#### WORK ORDER
Print the records exactly as given.

#### RECORDS FOR THIS TASK
↓↓↓
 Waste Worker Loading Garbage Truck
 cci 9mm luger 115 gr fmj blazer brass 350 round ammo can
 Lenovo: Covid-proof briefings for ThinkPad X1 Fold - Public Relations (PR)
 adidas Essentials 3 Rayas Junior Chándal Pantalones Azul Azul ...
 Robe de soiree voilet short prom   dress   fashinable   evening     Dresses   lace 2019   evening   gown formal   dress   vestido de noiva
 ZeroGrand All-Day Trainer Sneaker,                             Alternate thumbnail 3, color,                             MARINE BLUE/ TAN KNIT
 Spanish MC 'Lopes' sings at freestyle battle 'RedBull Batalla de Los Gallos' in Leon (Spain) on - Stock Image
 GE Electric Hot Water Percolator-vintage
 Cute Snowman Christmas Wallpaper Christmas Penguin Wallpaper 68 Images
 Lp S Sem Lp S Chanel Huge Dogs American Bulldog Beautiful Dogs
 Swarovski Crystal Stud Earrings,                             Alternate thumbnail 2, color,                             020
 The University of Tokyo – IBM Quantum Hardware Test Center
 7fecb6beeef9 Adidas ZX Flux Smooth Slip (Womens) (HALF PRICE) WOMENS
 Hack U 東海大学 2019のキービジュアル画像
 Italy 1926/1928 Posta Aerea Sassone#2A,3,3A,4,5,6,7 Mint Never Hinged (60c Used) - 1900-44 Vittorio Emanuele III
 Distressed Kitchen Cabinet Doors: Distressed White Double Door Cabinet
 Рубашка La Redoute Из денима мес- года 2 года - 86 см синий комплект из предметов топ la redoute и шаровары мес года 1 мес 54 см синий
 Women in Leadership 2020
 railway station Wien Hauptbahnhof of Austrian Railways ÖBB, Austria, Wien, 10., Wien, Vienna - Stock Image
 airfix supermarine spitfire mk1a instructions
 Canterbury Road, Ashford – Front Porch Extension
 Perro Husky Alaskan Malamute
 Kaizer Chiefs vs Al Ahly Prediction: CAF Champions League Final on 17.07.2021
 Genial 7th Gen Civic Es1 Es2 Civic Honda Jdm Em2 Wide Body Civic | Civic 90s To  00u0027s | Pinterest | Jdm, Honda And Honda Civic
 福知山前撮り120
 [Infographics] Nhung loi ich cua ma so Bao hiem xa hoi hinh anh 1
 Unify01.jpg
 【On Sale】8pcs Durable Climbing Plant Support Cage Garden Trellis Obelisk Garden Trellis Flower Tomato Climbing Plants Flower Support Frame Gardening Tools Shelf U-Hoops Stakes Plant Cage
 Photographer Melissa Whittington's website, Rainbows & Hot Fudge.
↑↑↑
#### OUTPUT
 Waste Worker Loading Garbage Truck
 cci 9mm luger 115 gr fmj blazer brass 350 round ammo can
 Lenovo: Covid-proof briefings for ThinkPad X1 Fold - Public Relations (PR)
 adidas Essentials 3 Rayas Junior Chándal Pantalones Azul Azul ...
 Robe de soiree voilet short prom   dress   fashinable   evening     Dresses   lace 2019   evening   gown formal   dress   vestido de noiva
 ZeroGrand All-Day Trainer Sneaker,                             Alternate thumbnail 3, color,                             MARINE BLUE/ TAN KNIT
 Spanish MC 'Lopes' sings at freestyle battle 'RedBull Batalla de Los Gallos' in Leon (Spain) on - Stock Image
 GE Electric Hot Water Percolator-vintage
 Cute Snowman Christmas Wallpaper Christmas Penguin Wallpaper 68 Images
 Lp S Sem Lp S Chanel Huge Dogs American Bulldog Beautiful Dogs
 Swarovski Crystal Stud Earrings,                             Alternate thumbnail 2, color,                             020
 The University of Tokyo – IBM Quantum Hardware Test Center
 7fecb6beeef9 Adidas ZX Flux Smooth Slip (Womens) (HALF PRICE) WOMENS
 Hack U 東海大学 2019のキービジュアル画像
 Italy 1926/1928 Posta Aerea Sassone#2A,3,3A,4,5,6,7 Mint Never Hinged (60c Used) - 1900-44 Vittorio Emanuele III
 Distressed Kitchen Cabinet Doors: Distressed White Double Door Cabinet
 Рубашка La Redoute Из денима мес- года 2 года - 86 см синий комплект из предметов топ la redoute и шаровары мес года 1 мес 54 см синий
 Women in Leadership 2020
 railway station Wien Hauptbahnhof of Austrian Railways ÖBB, Austria, Wien, 10., Wien, Vienna - Stock Image
 airfix supermarine spitfire mk1a instructions
 Canterbury Road, Ashford – Front Porch Extension
 Perro Husky Alaskan Malamute
 Kaizer Chiefs vs Al Ahly Prediction: CAF Champions League Final on 17.07.2021
 Genial 7th Gen Civic Es1 Es2 Civic Honda Jdm Em2 Wide Body Civic | Civic 90s To  00u0027s | Pinterest | Jdm, Honda And Honda Civic
 福知山前撮り120
 [Infographics] Nhung loi ich cua ma so Bao hiem xa hoi hinh anh 1
 Unify01.jpg
 【On Sale】8pcs Durable Climbing Plant Support Cage Garden Trellis Obelisk Garden Trellis Flower Tomato Climbing Plants Flower Support Frame Gardening Tools Shelf U-Hoops Stakes Plant Cage
 Photographer Melissa Whittington's website, Rainbows & Hot Fudge.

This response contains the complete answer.